OAB inicia pressão para Ficha Limpa valer na eleição de outubro
JB On Line/PCS
A
Ordem dos Advogados do Brasil (OAB) se manifestou oficialmente, nesta
terça-feira, a respeito do desfecho da votação, pela Câmara dos Deputados, do
projeto Ficha Limpa.
Ophir
Cavalcante, presidente da entidade, comemorou a aprovação do projeto que impede
candidaturas de políticos condenados pela Justiça e que agora segue para o
Senado.
Para
Cavalcante, o fato demonstra que a sociedade brasileira clama por mudanças
"e quer melhorar a cara política no País". Ao assegurar que a OAB
manterá a intensa mobilização e empenho em favor da matéria, Cavalcante
afirmou: "É preciso que os candidatos tenham compromisso com a ética na
política, para fazê-la de forma correta, de forma republicana, e não fazendo
dela uma extensão de seus interesses privados".
Para
Ophir Cavalcante, a grande expectativa agora é a aprovação do Ficha Limpa
(projeto de lei popular 518/2009) em regime de urgência pelo Senado para que
até 10 de junho possa obter a sanção presidencial de forma que possa valer nas
próximas eleições, o que deverá ser decisão do Tribunal Superior Eleitoral.

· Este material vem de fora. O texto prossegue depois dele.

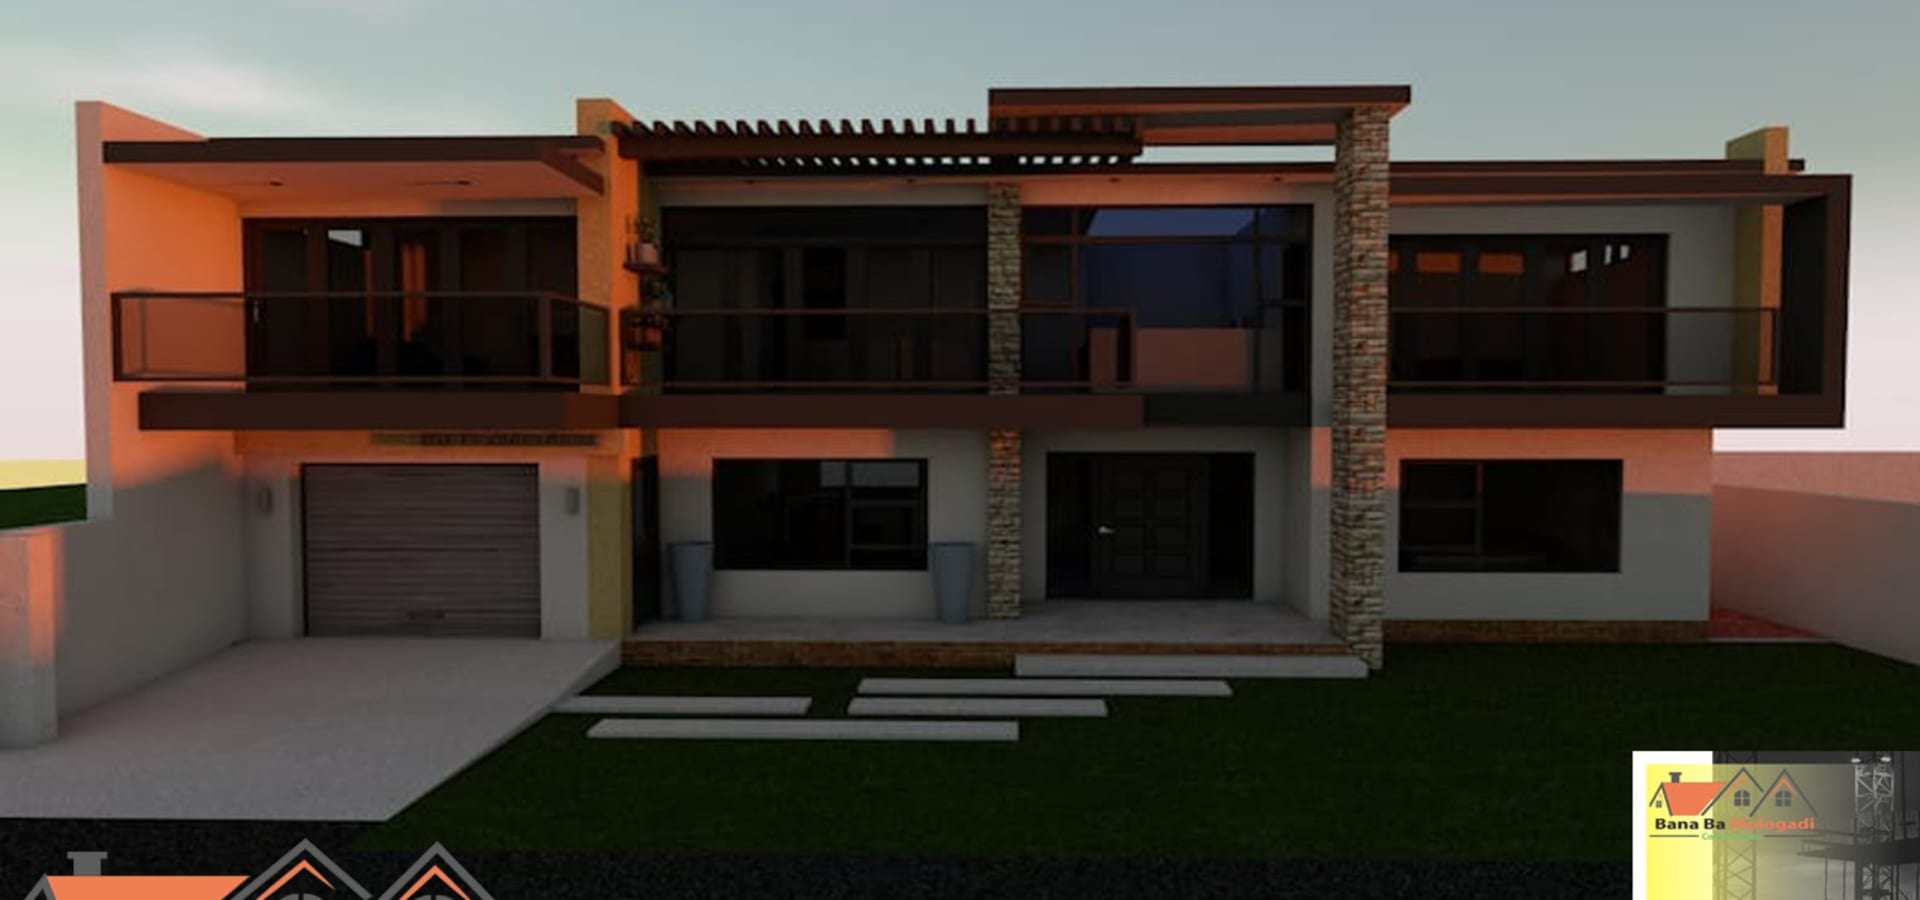 Bana Ba Mologadi Constructions

Segundo o presidente da OAB: "Nesse momento em que a Câmara dos Deputados,
interpretando um desejo manifestado por mais de 1,6 milhão de eleitores,
introduz em nosso ordenamento político um requisito importante para aqueles que
querem exercer um cargo político, um cargo eletivo, que é de ter um passado sem
máculas. Nós temos que saudar muito mais a força, a unidade da sociedade do que
propriamente a Câmara, embora reconheçamos que- seus integrantes souberam
interpretar essa vontade de mudança".
Projeto
passa pela Câmara
A
Câmara dos deputados rejeitou, na noite desta terça-feira, sete destaques do
projeto Ficha Limpa. Com isso, o texto original segue para o Senado Federal e,
se não sofrer alterações na Casa, será enviado para sanção presidencial. Ao
todo, sete destaques foram rejeitados, além de dois retirados pelo Democratas.
A
votação dos destaques era o que faltava para concluir a discussão da matéria na
Câmara. A maior polêmica em torno do projeto é se ele vai valer já para as
próximas eleições. A decisão fica a cargo do Tribunal Superior Eleitoral (TSE).
Além
dos sete destaques rejeitados, nesta terça-feira, e dos dois retirados, outros
seis tiveram parecer contrário à sua aprovação. O destaque mais polêmico foi
rejeitado por 350 votos a favor, dois contra e duas abstenções, e previa a
exclusão do texto original os crimes contra o meio ambiente e a saúde pública,
que tornam o candidato inelegível por oito anos.